La valeur inestimable des baleines (et des chauves-souris)

baleine La nature nous rend de nombreux services. Est-ce une raison pour les monnayer ?

’Tu devrais lire ça, c’est hyper intéressant’’. Deux de mes collègues m’interpellent hier, pour me conseiller la lecture d’un article de Libération consacré aux baleines. On y apprend que ce grand mammifère marin est un véritable chasseur de carbone : "lorsqu’elle meurt et qu’elle coule au fond de l’océan, une grande baleine piège à elle seule 33 tonnes de CO2 pendant plusieurs siècles avant de se décomposer’’. Plus il y a de baleines, moins il y a de gaz carbonique dans l’atmosphère. Et plus il y a d’oxygène d’ailleurs, grâce au phytoplancton, indissociable des premières.

De ce point de vue, ‘’une baleine vaut des milliers d’arbres’’. L’ensemble de la population équivaut ‘’à la valeur de quatre forêts amazoniennes’’. C’est ce qu’on peut lire dans un rapport du Fonds monétaire international publié le mois dernier, rapport qui a directement inspiré l’article de Libération.

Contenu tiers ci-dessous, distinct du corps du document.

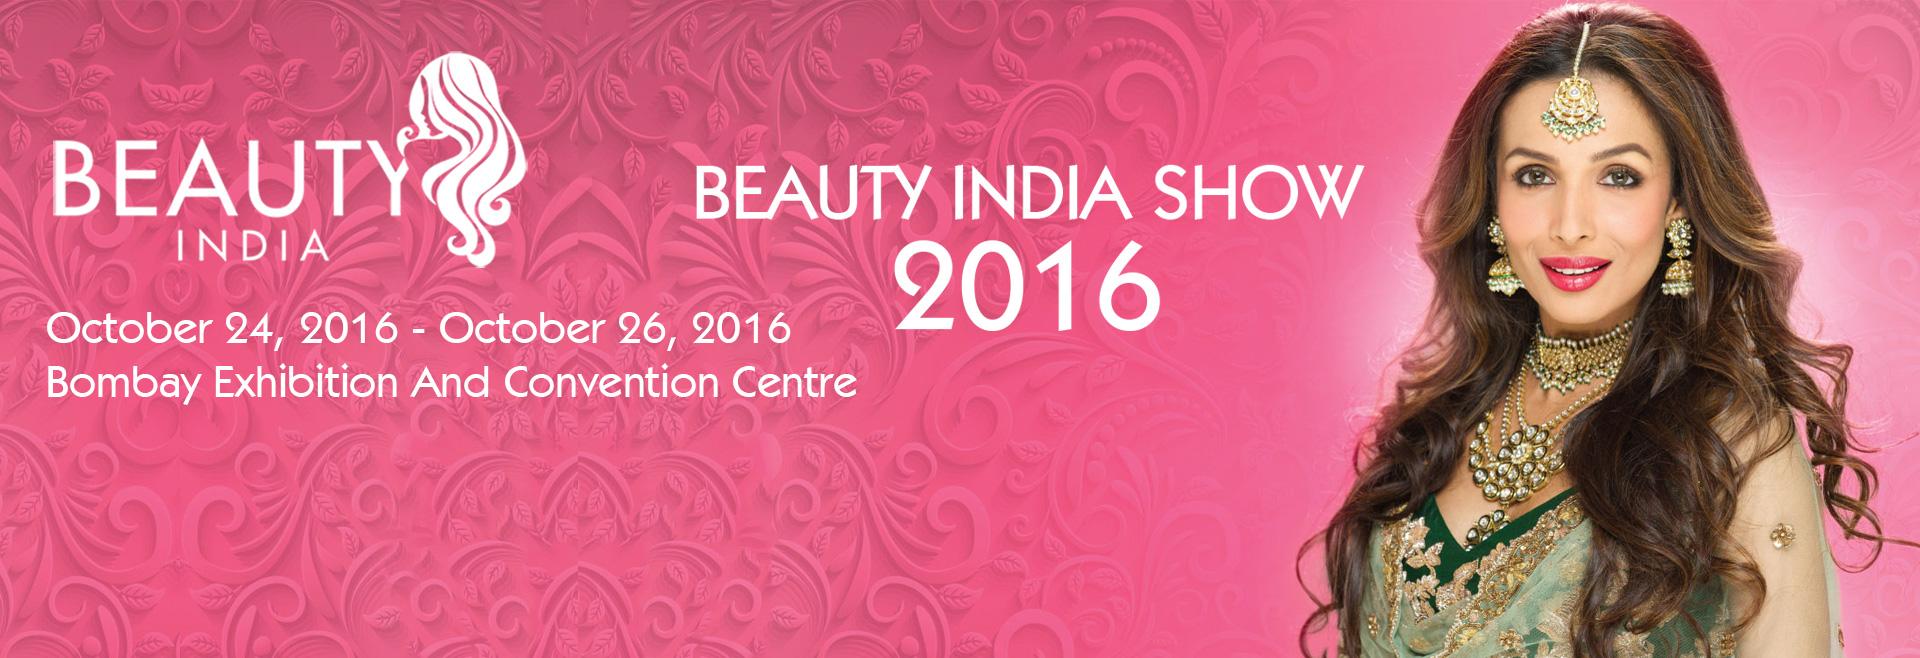 Beauty India Show 2016

Ses auteurs adoptent la logique suivante : puisque les baleines sont utiles, il faut les protéger. Or leur protection a un coût : pour convaincre les décideurs d’investir, il faut démontrer l’intérêt économique qu’il y a à le faire, en donnant un prix aux services rendus par les baleines. Selon le FMI, il est de 2 millions de dollars par animal, de 1 000 milliards pour l’ensemble de la population.

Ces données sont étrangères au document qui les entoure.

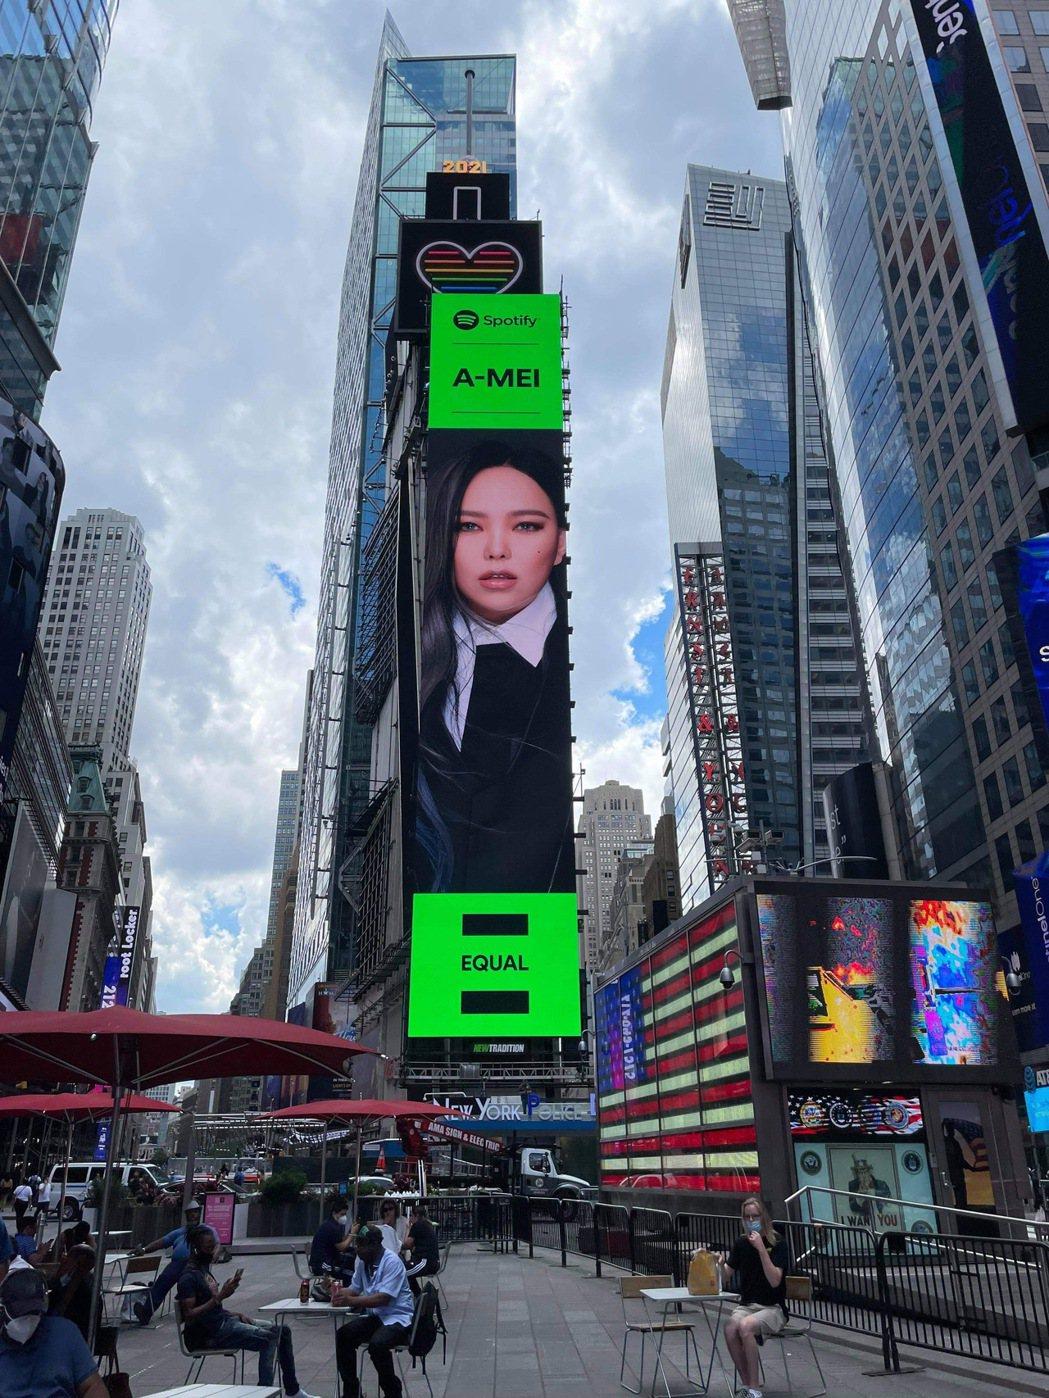 張惠妹躍上美國紐約時代廣場的巨型LED屏幕,替女性平權發聲。圖/EMI提供

Cette approche qui consiste à évaluer les services rendus par la biodiversité n’est pas nouvelle. Il en est souvent question à propos des abeilles. Sans abeilles, pas de pollinisation, sans pollinisation, plus de reproduction pour de nombreuses plantes nécessaires à notre alimentation. Selon des chercheurs de l’INRA, la valeur économique de l’activité des pollinisateurs est de 153 milliards d’euros chaque année. C’est dire la valeur des abeilles, c’est dire l’importance de les protéger.

Une telle approche parait logique, rationnelle. Il ne s’agit pas de sauver la biodiversité au nom de considérations morales, ce qui n’est pas toujours mobilisateur, mais en vertu de son utilité, des bénéfices qu’elle nous procure.

Sauf que, comme souvent, ce qui parait séduisant au premier abord ne résiste pas longtemps à un examen plus approfondi. Ainsi, le fait de donner un prix à des services rendus par une espèce animale peut se retourner contre celle-ci : que se passe-t-il si une nouvelle technologie permet de faire le travail de pollinisation à moindre coût ?

Dans leur livre Faut-il donner un prix à la nature ?’ (Les Petits Matins), les économistes Aurore Lalucq et Jean Gadrey enrichissent la démonstration en prenant l’exemple des chauves-souris. Les chauves-souris ont un péché mignon : elles adorent manger les insectes. Elles en mangent tellement qu’une étude américaine, publiée en 2011, estimait qu’elles permettaient, aux seuls agriculteurs des Etats-Unis, d’économiser 23 milliards de dollars par an en insecticides.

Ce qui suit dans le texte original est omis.